Crosby was named the smartest player, toughest forward to play against, toughest player overall to face, best role model, and -- overwhelmingly -- the top player with which to start a franchise. Detroit's recently activated Pavel Datsyuk, who'd been sidelined with an injury and could return this week, ranked right behind Crosby in the first three categories and was also named cleanest player and the hardest to take the puck off. Goalies said that Alex Ovechkin of the Capitals is the most difficult to stop (Crosby was right behind him), while skaters chose Roberto Luongo as the goalie most difficult to beat, (barely ahead of Buffalo's Ryan Miller, Boston's Tim Thomas and the Rangers' Henrik Lundqvist).

Ovechkin had his team cited as the league's most overrated. ( The Nashville Predators were most underrated.) The Red Wings are the team that players would most like to play for (the Blackhawks and Canucks tied for second) while the Islanders are the NHL equivalent of being condemned to Devil's Island (with the Oilers not far off).

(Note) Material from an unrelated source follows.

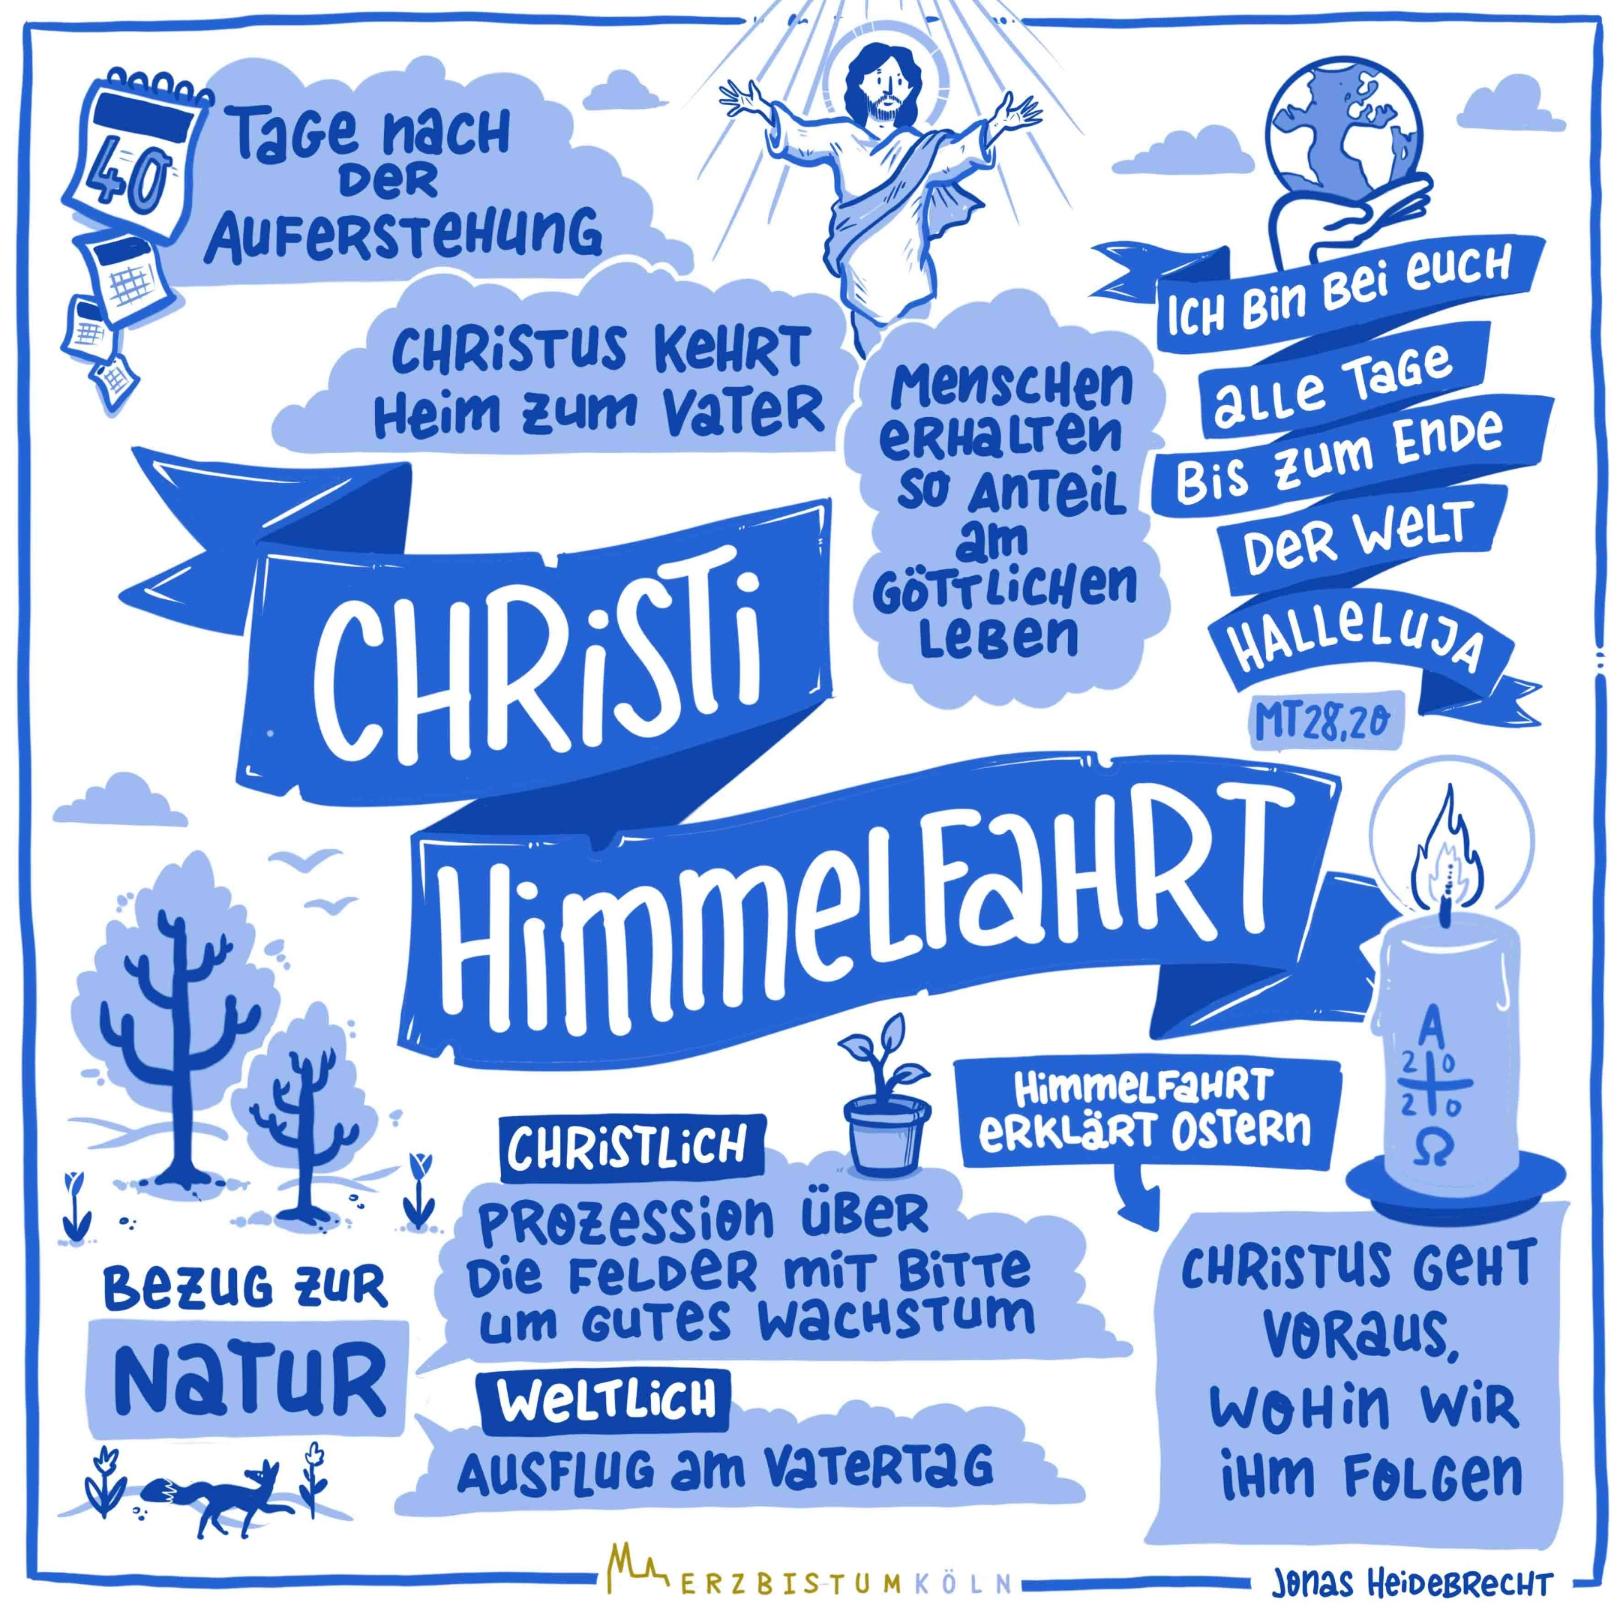 Christi Himmelfahrt - schnell erklärt (c) Heidebrecht Frei (Erzbistum Köln) - www.pfarrbriefservice.de

Pittsburgh's Dan Bylsma, a star of HBO's "24/7" series, was hailed as the coach players would most like to play for (followed by Detroit's Mike Babcock) while Ron Wilson of the Maple Leafs was singled out as the one most of them would rather avoid.  The Rangers' John Tortorella was second in that unfortunate category, followed by Marc Crawford of the Stars. Tortorella was also cited as the coach who demands the most of his players (Babcock ranks second), while that other "24/7" star, Washington's Bruce Boudreau, is easiest to play for. Canadiens assistant Kirk Muller is the assistant most players thought should be a head coach, with Bob Boughner just behind.

In other categories, Marian Gaborik of the Rangers was named the fastest and best skater. His teammate, Derek Boogaard, who has been out of the lineup since Dec. 9 when he had this fight with the Senators' Matt Carkner...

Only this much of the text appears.